Even Diamondbacks catcher Miguel Montero wore a ski cap beneath his catcher's helmet.

It was only fitting that the Rockies sent a pitcher named Fogg to the mound to deal with the elements in the first NLCS game in Denver in franchise history. The Rockies have not lost since Sept. 16, and this win at Coors Field was their ninth straight victory overall.

A cool drizzle fell all day and continued into the evening. The grounds crew didn't even remove the tarp until an hour before the game. In between innings, they brought out bags of dry dirt to keep the infield from getting too slick. In the fifth, the crews poured a wheelbarrow full of "diamond dust" around home plate.

The TBS broadcast mentioned how the grounds crew ran out of the quick-dry dirt and started calling around. They said they found some in a warehouse and showed a truck rolling up to the stadium with extra bags.

Holliday, with only two other hits in this series, neither of which left the infield, put Colorado ahead 1-0 in the first inning with a high drive. Left fielder Eric Byrnes crashed into the wall chasing the ball, much to the delight of the crowd that razzed him every chance they got.

Forty-eight hours earlier, Byrnes suggested the Rockies were a lucky bunch who had actually been outplayed by the Diamondbacks in this series.

Although that drew the ire of the fans, Rockies rookie shortstop Troy Tulowitzki said there was some truth to Byrnes' comments "and they can outplay us all four games. If we end up winning the series, I'll be fine with that."

Reynolds hit a 422-foot solo shot in the fourth to tie it at 1-all, sending a first-pitch breaking ball from Fogg halfway up into the left-field seats to quiet the sellout crowd of 50,137.

After Fogg left, the Rockies turned to their trusty bullpen to wrap up their ninth straight win.

Jeremy Affeldt threw the seventh, Brian Fuentes the eighth and Manny Corpas the ninth for his fourth save of the playoffs. In Game 2 at Arizona, Corpas blew a save chance in the ninth inning.

The Diamondbacks, who have struggled all series to string together good at-bats, had their chances against Fogg early but hit into double plays in each of the first three innings.

After singles by Arizona's first two batters, Chris Young and Stephen Drew, Byrnes lined out to Fogg. The right-hander threw to second to double up Young, but Drew beat the relay back to first.

Had second baseman Kaz Matsui not stepped in front of Tulowitzki at the bag for the putout, the stronger-armed rookie might have had his second triple play of 2007. Tulowitzki pulled off the 11th unassisted triple play in major league history back in May.

With runners at the corners in the second, Augie Ojeda grounded to second. Matsui's throw was high, but Tulowitzki grabbed it, spun 360 degrees and fired to first to complete the double play and end the threat. Drew grounded into an inning-ending double play to end the third.

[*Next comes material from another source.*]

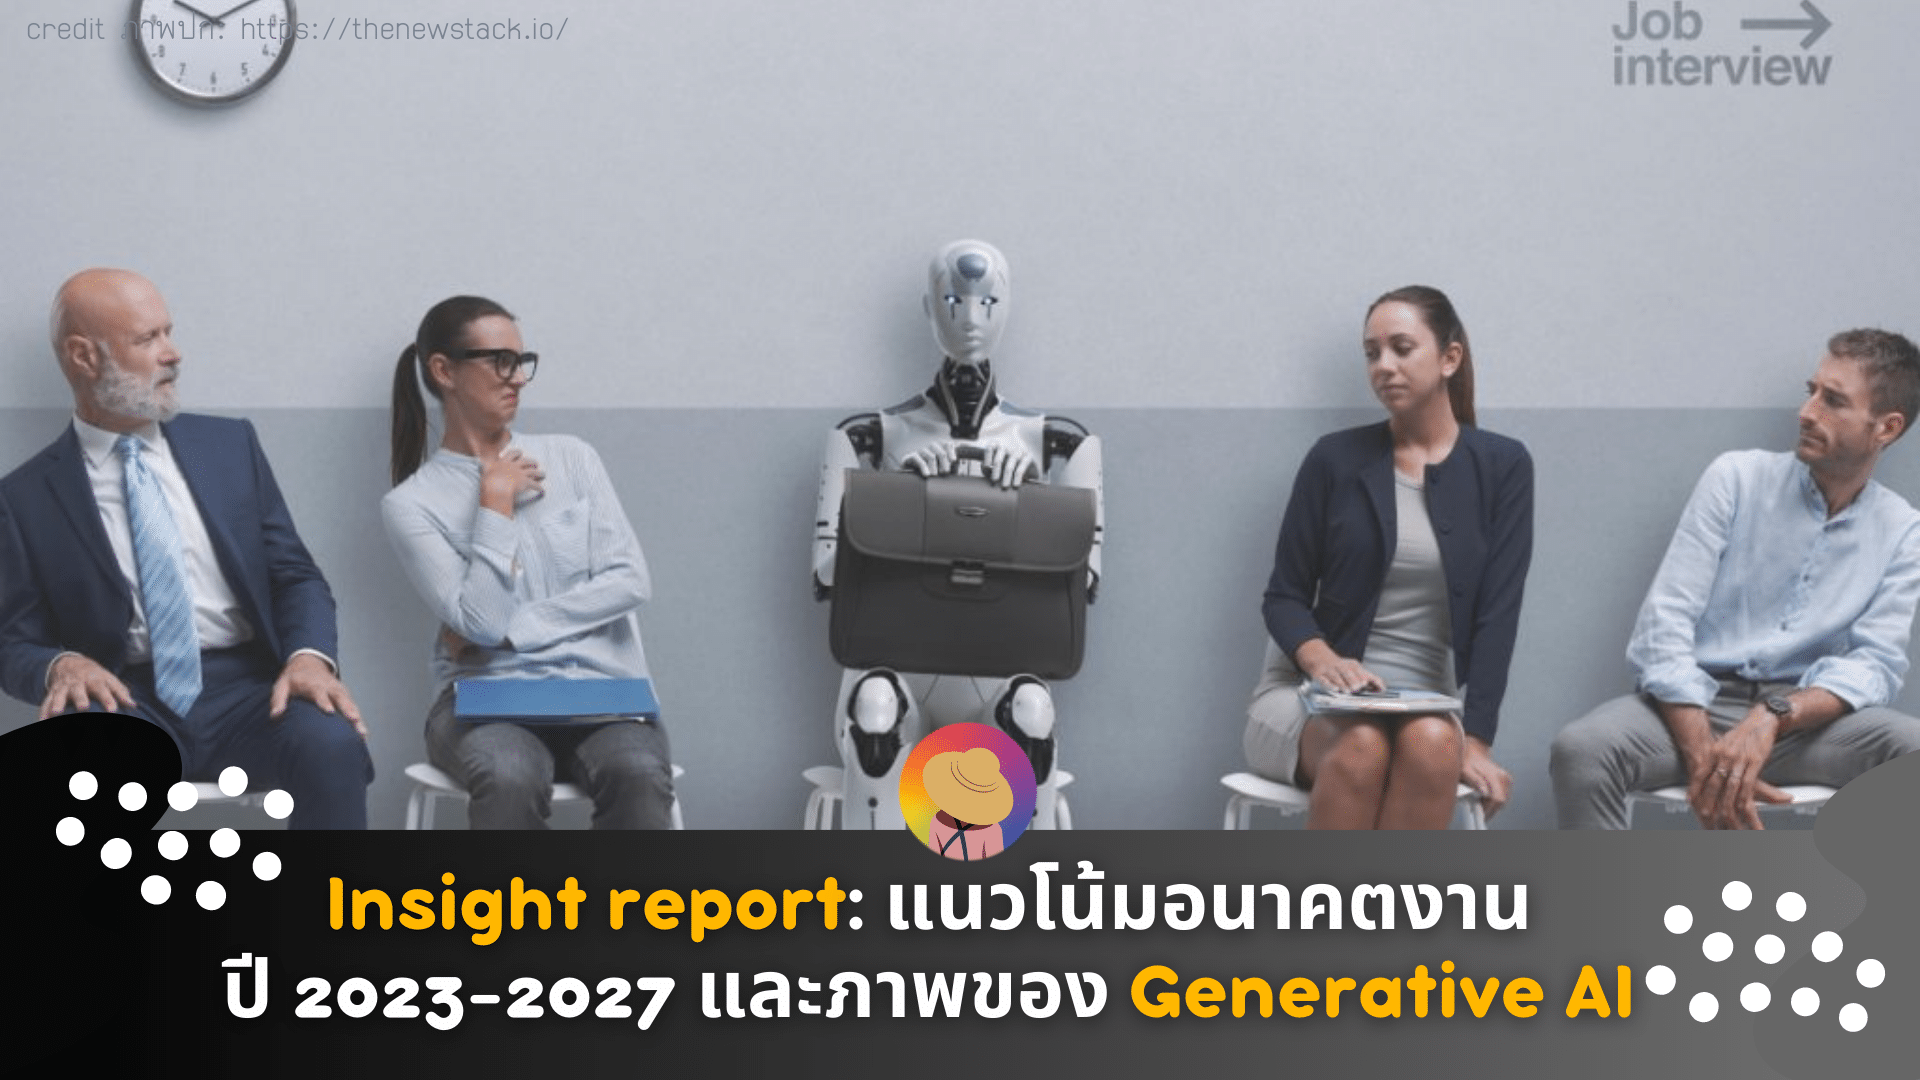 Insight report: แนวโน้มอนาคตของงานปี 2023-2027 และภาพของ Generative AI

In the fourth, Byrnes hit a ball that looked like the game-tying home run until slicing just foul down the left-field line before he watched a fastball zip past his knees for strike three.

The Rockies are trying for their first NL pennant in the franchise's 15-year history, and history appears solidly on their side.

Arizona must win four straight games against a Rockies team that is the first since the 1935 Chicago Cubs to win at least 20 of 21 games after Sept. 1, according to Elias Sports Bureau.

Colorado is the second team in NL history to open the postseason with six straight wins, joining the 1976 Cincinnati Reds, which went 7-0 in the playoffs, sweeping the Phillies and Yankees for the Big Red Machine's second straight title.